He was named in the Rugby League Writers' team of the year in 2008 and the Rugby League World magazine the following year in 2009.

He played in the 2009 Super League Grand Final defeat by the Leeds Rhinos at Old Trafford.

2011 would be Graham's final year at Saints as a host of NRL clubs coveted his signature. Canterbury Bulldogs and Parramatta Eels were thought to head the list of interested clubs.

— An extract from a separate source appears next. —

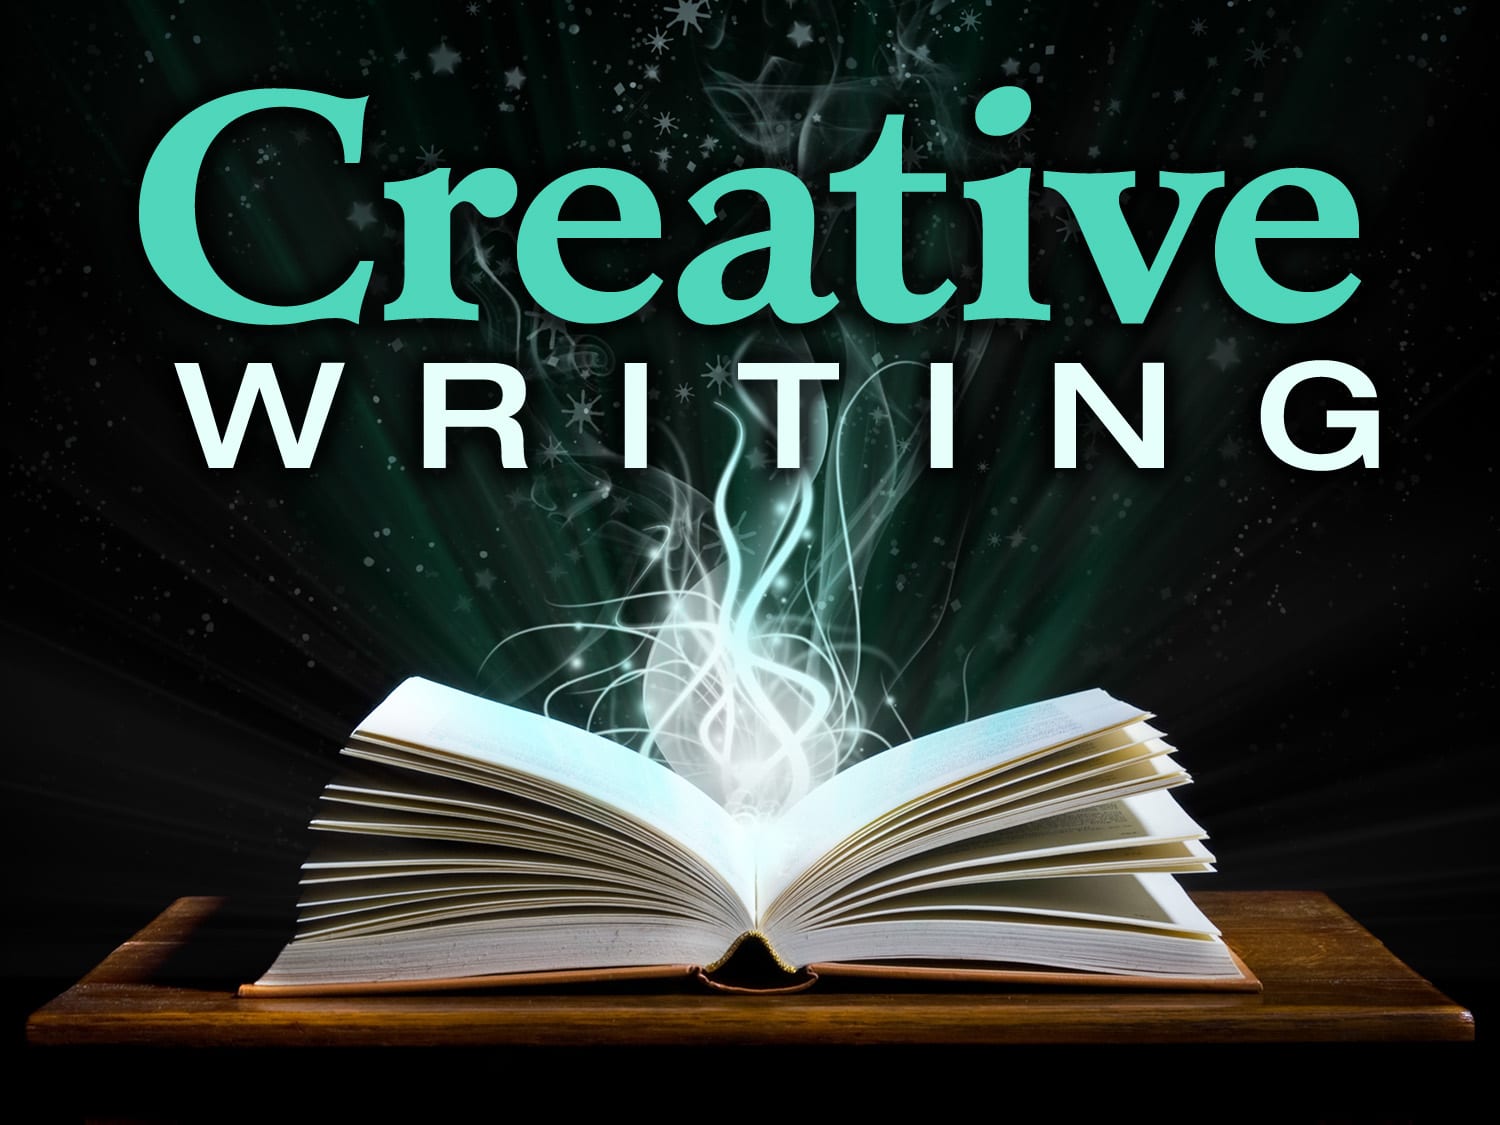 Creative writing.com dissertation paper

On 27 April 2011 it was confirmed by club officials that St Helens joint captain Graham would join NRL side the Canterbury-Bankstown Bulldogs when his contract expires at the end of the 2011 season. "We did everything practical to persuade James to stay," said Saints chairman Eamonn McManus. "But we respect his wishes and ambitions. There comes a point where you have to just shake his hand and wish him luck." Graham left St Helens with a 4–5 record in finals (1-5 in Super League Grand Finals in 2006, and 2007–2011; and 3–0 in Challenge Cup Finals from 2006 to 2008).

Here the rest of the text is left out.